[Opening Records for this task section]
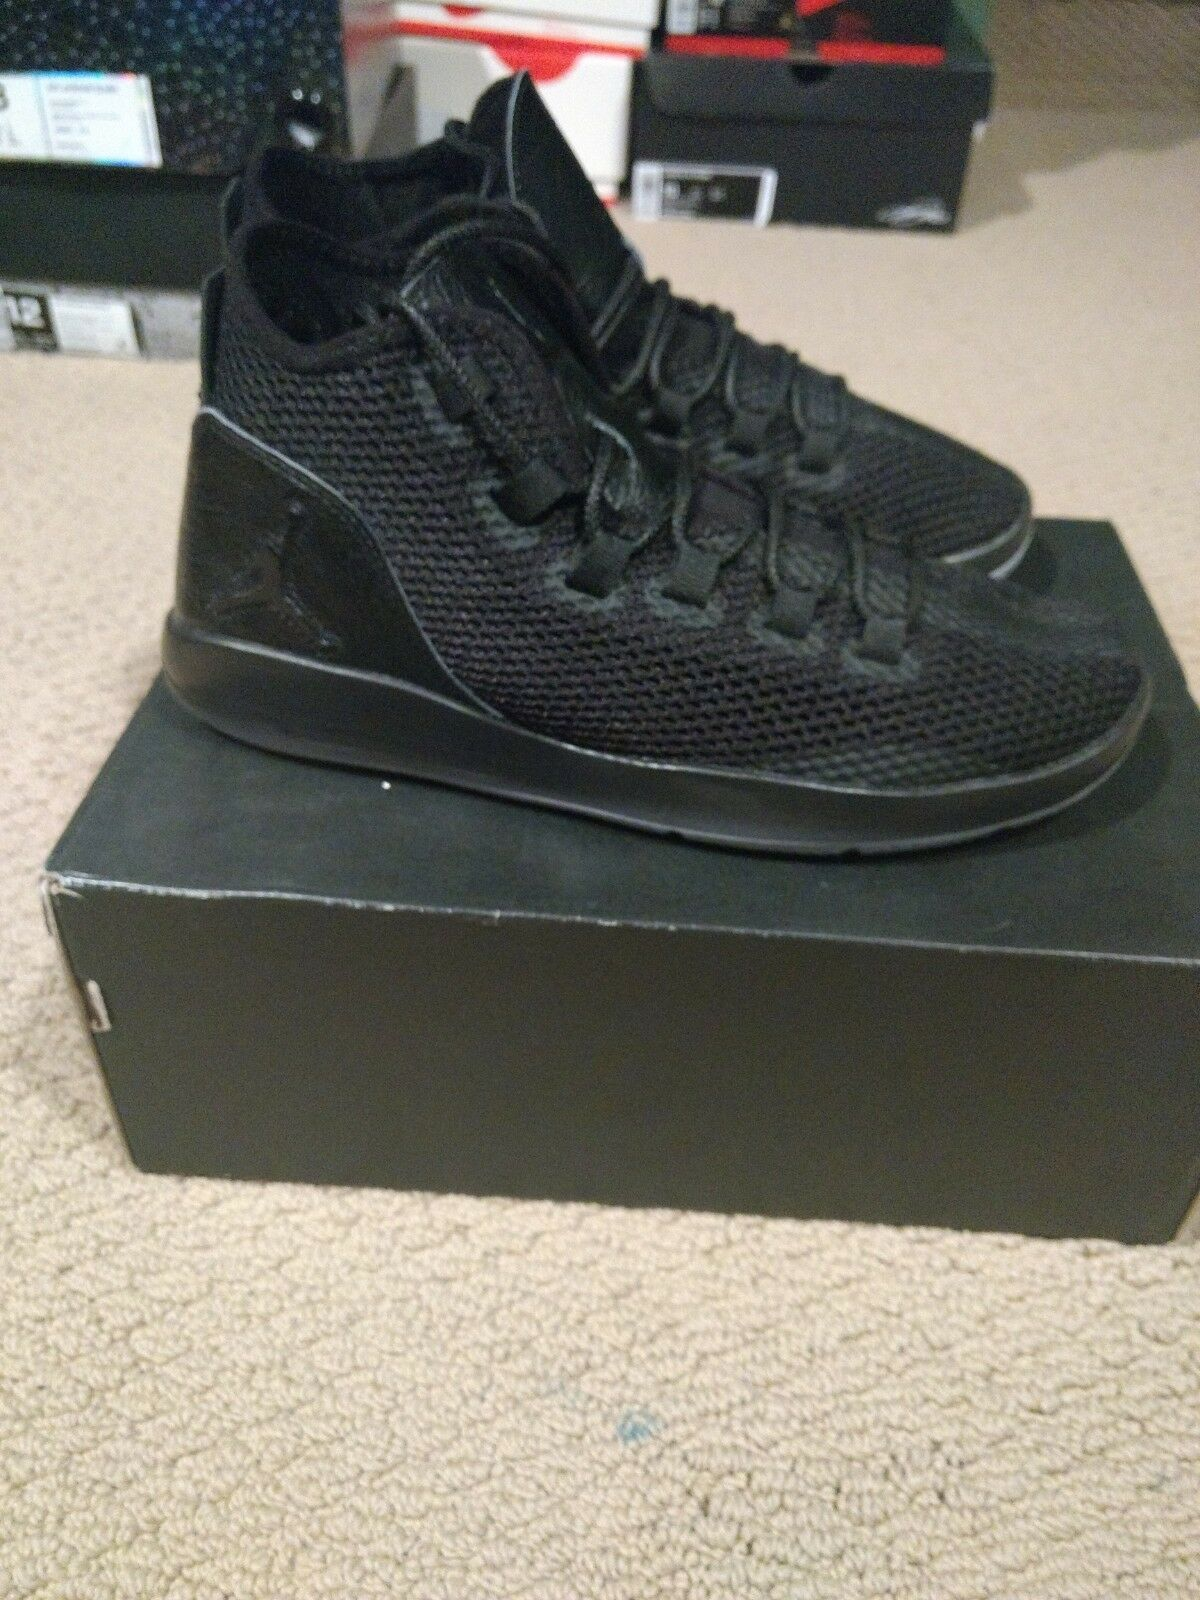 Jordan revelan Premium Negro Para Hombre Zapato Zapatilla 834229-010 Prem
[Closing Records for this task section]
[Opening Records for this task section]
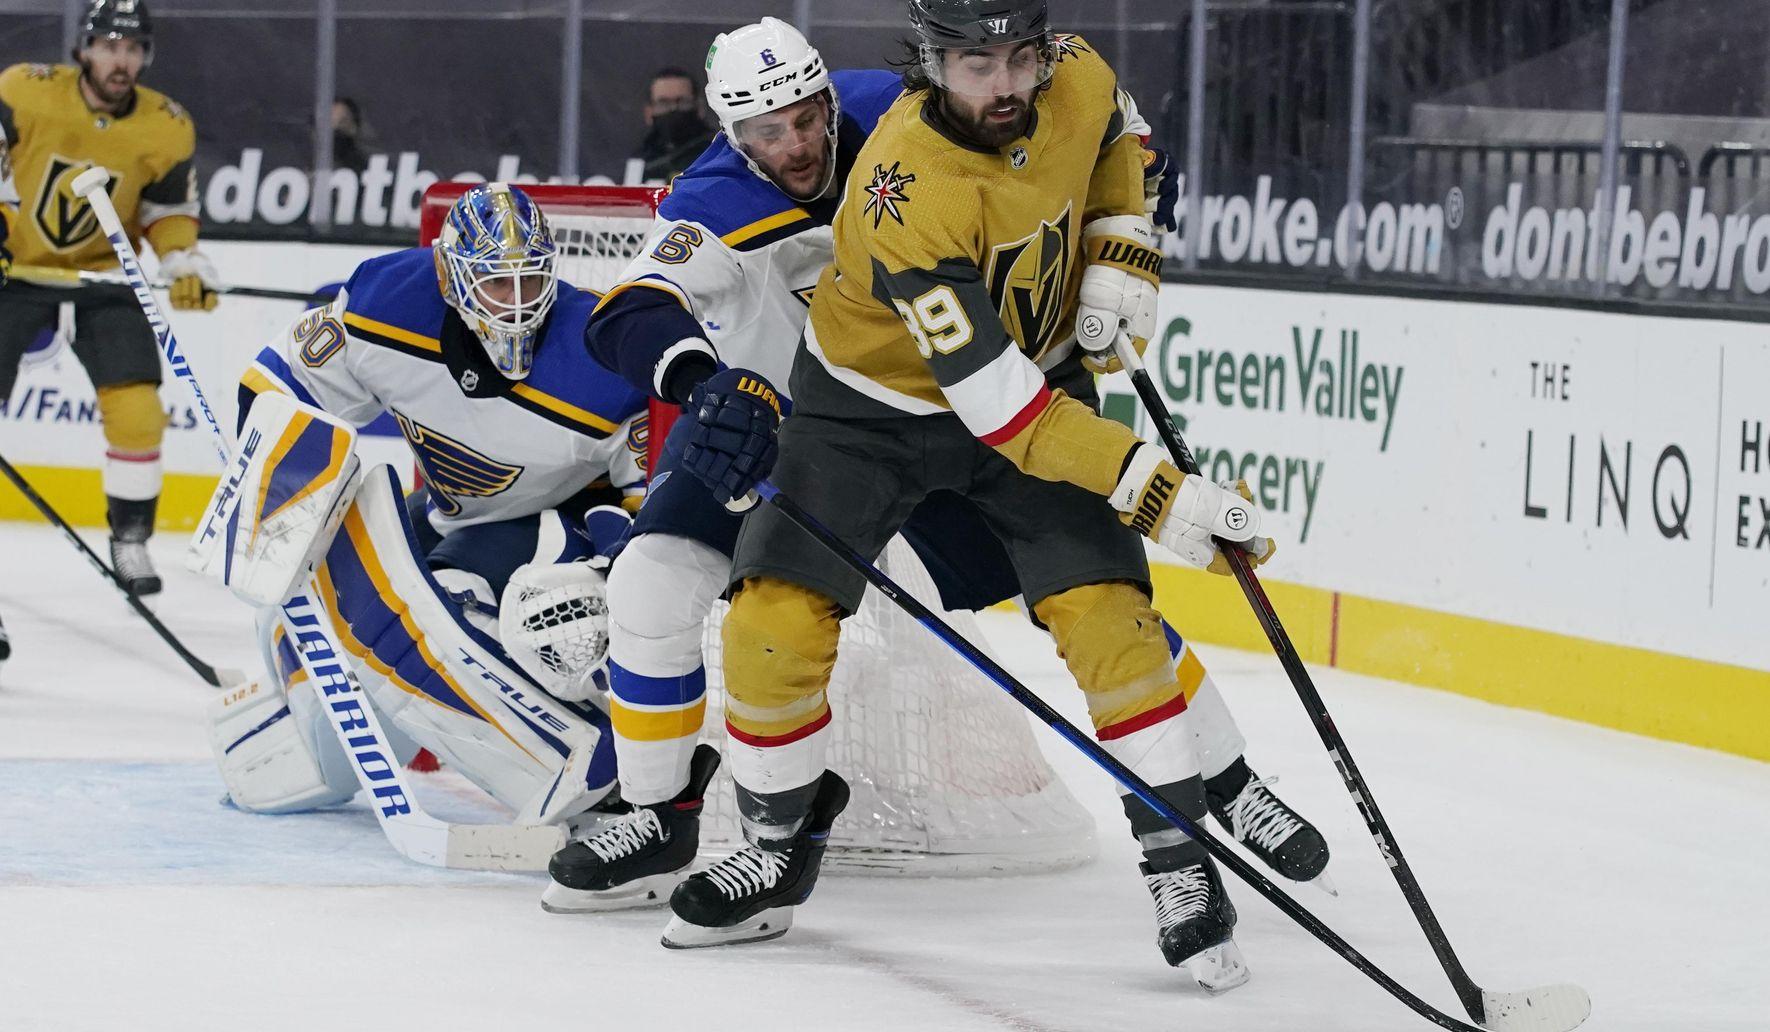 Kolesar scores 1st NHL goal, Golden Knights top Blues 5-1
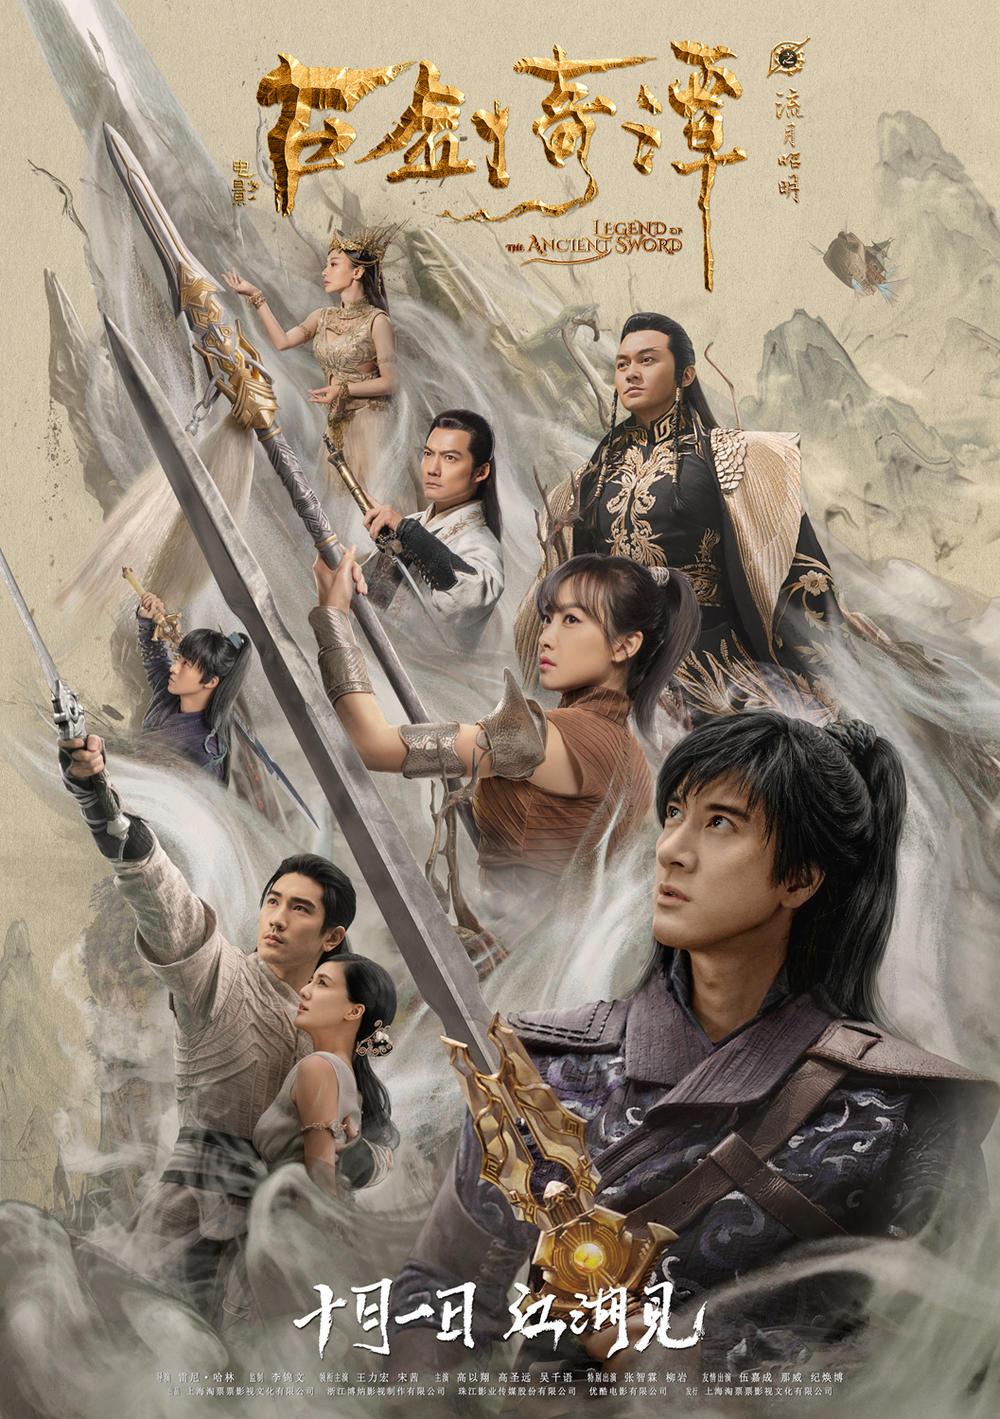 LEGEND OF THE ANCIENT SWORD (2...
[Closing Records for this task section]
[Opening Records for this task section]
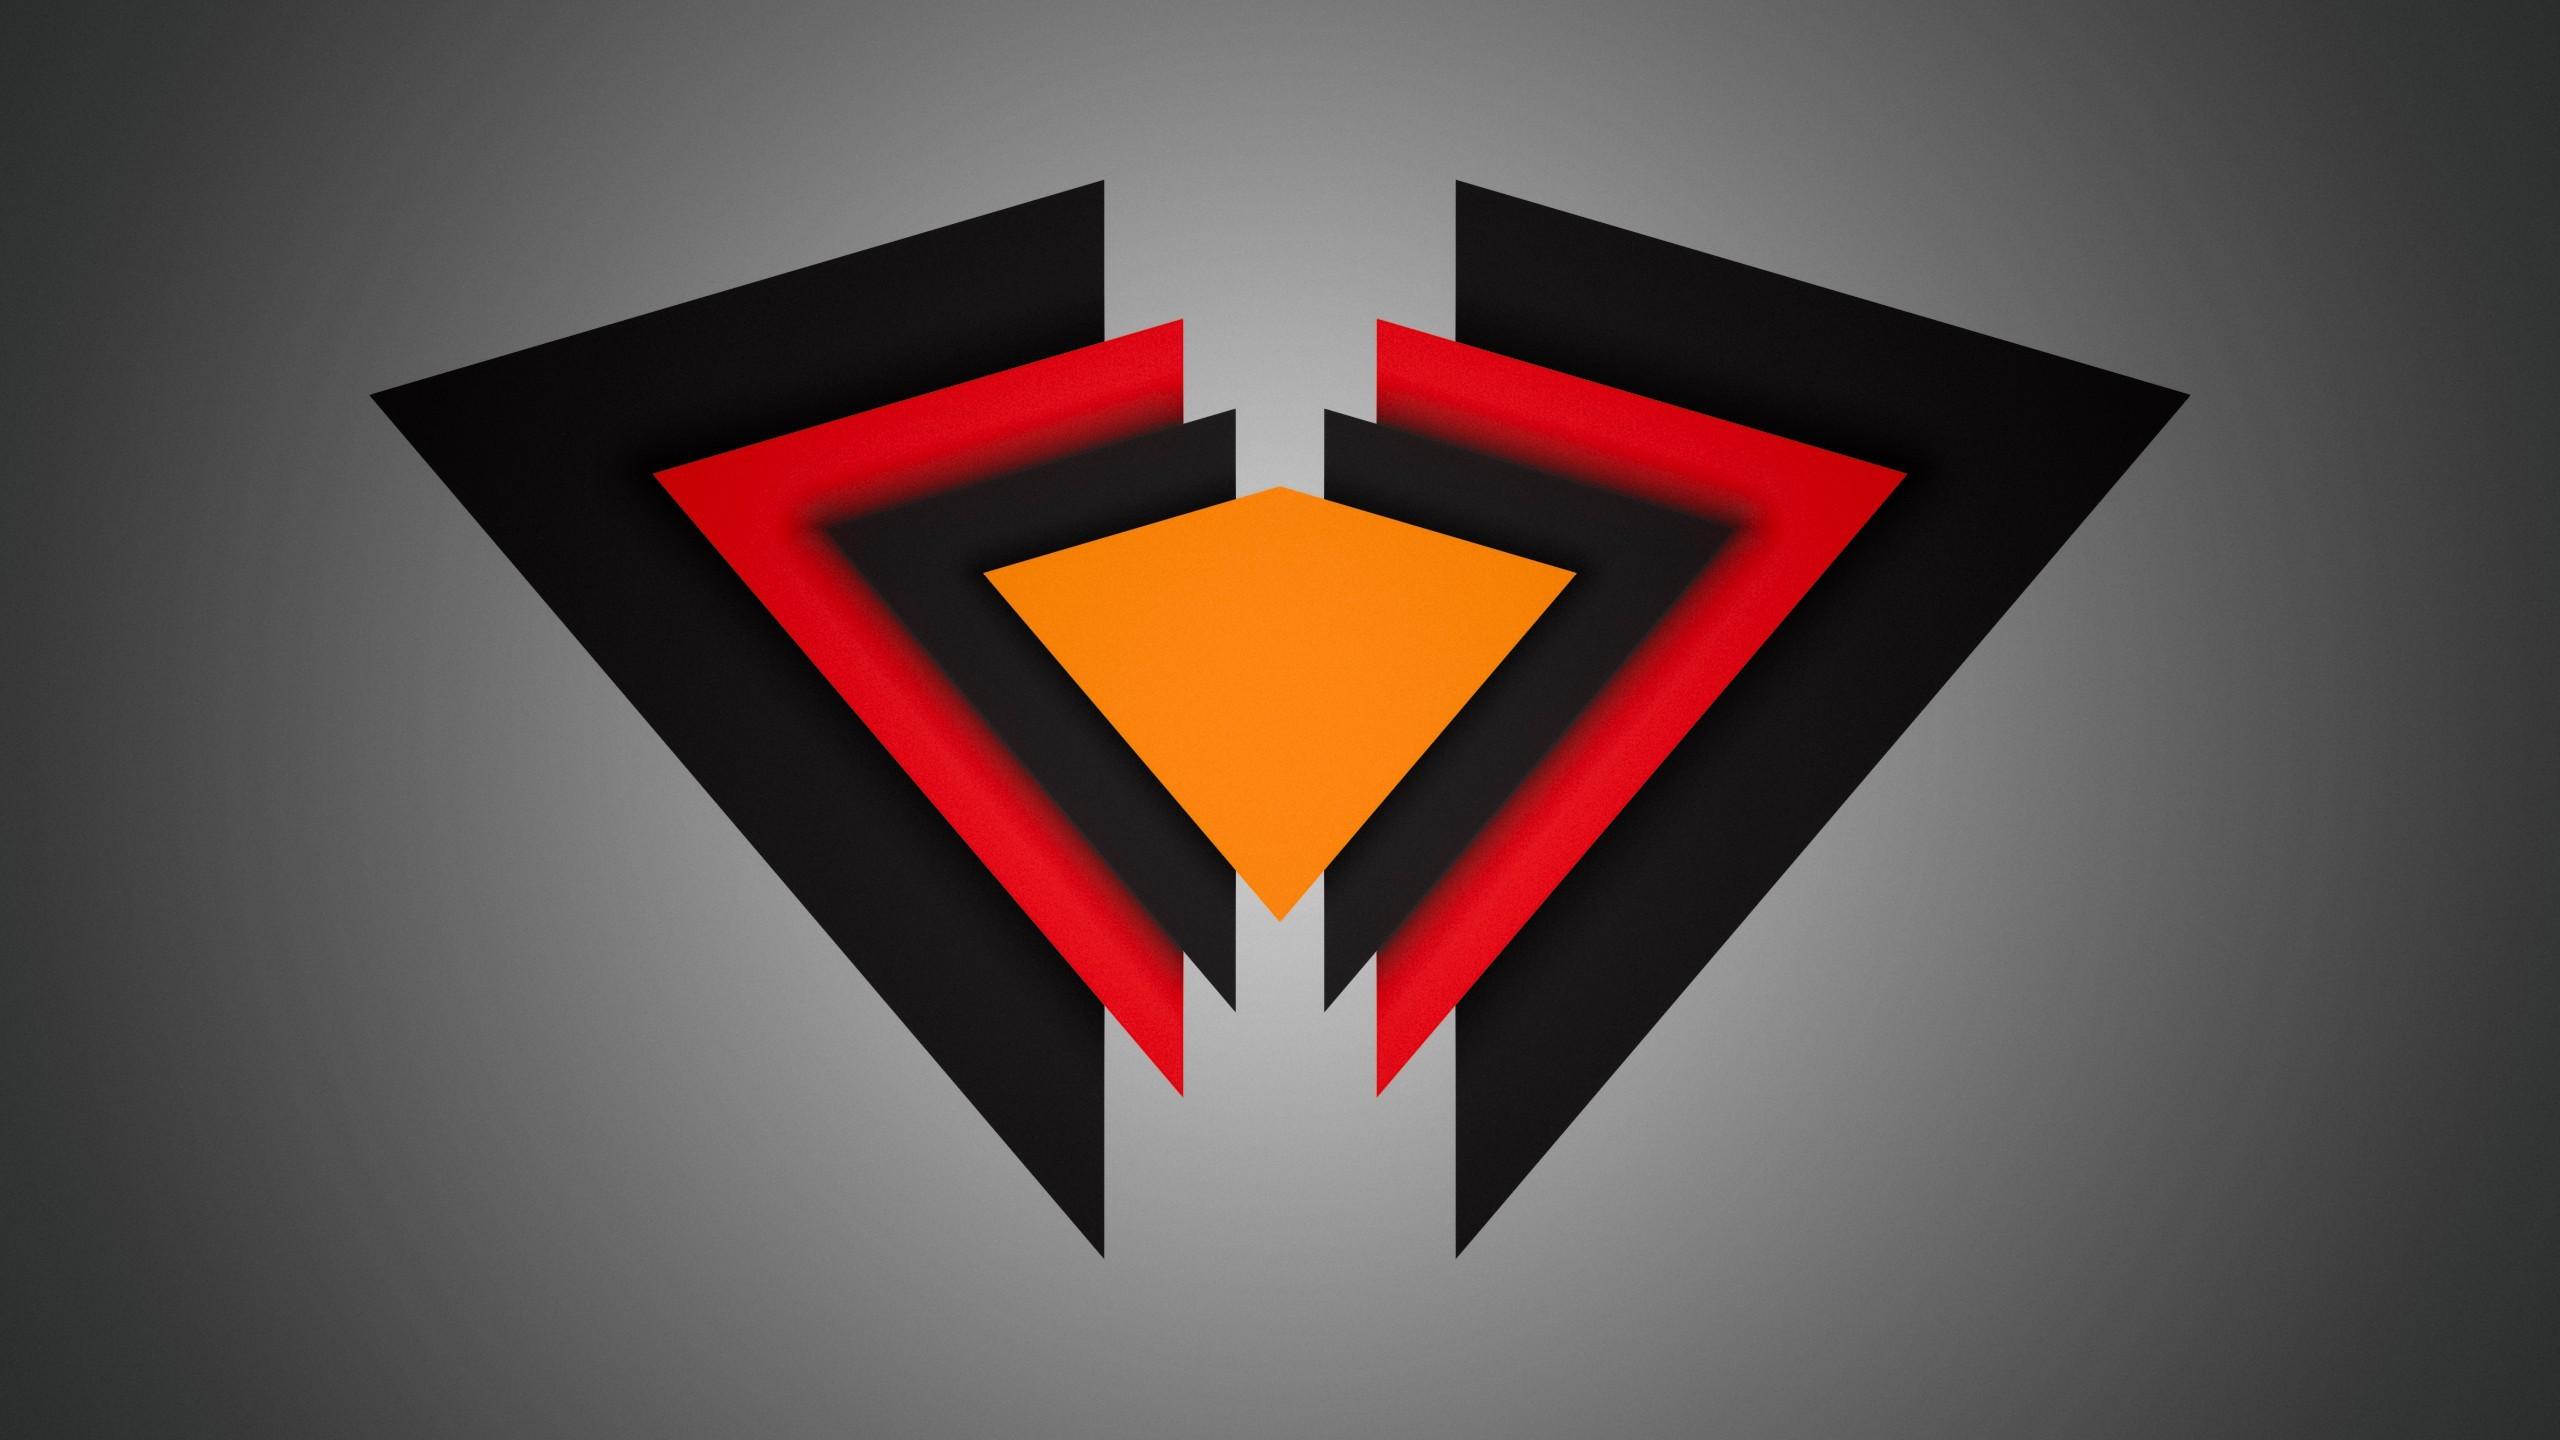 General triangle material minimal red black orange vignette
[Closing Records for this task section]
### Problem
The stretch to restate runs from the line above containing "Kolesar scores 1st" through the line containing "LEGEND OF THE ANCIENT SWORD (2...". Copy it word for word, ends included, without pictures.

### Final answer
 Kolesar scores 1st NHL goal, Golden Knights top Blues 5-1
 LEGEND OF THE ANCIENT SWORD (2...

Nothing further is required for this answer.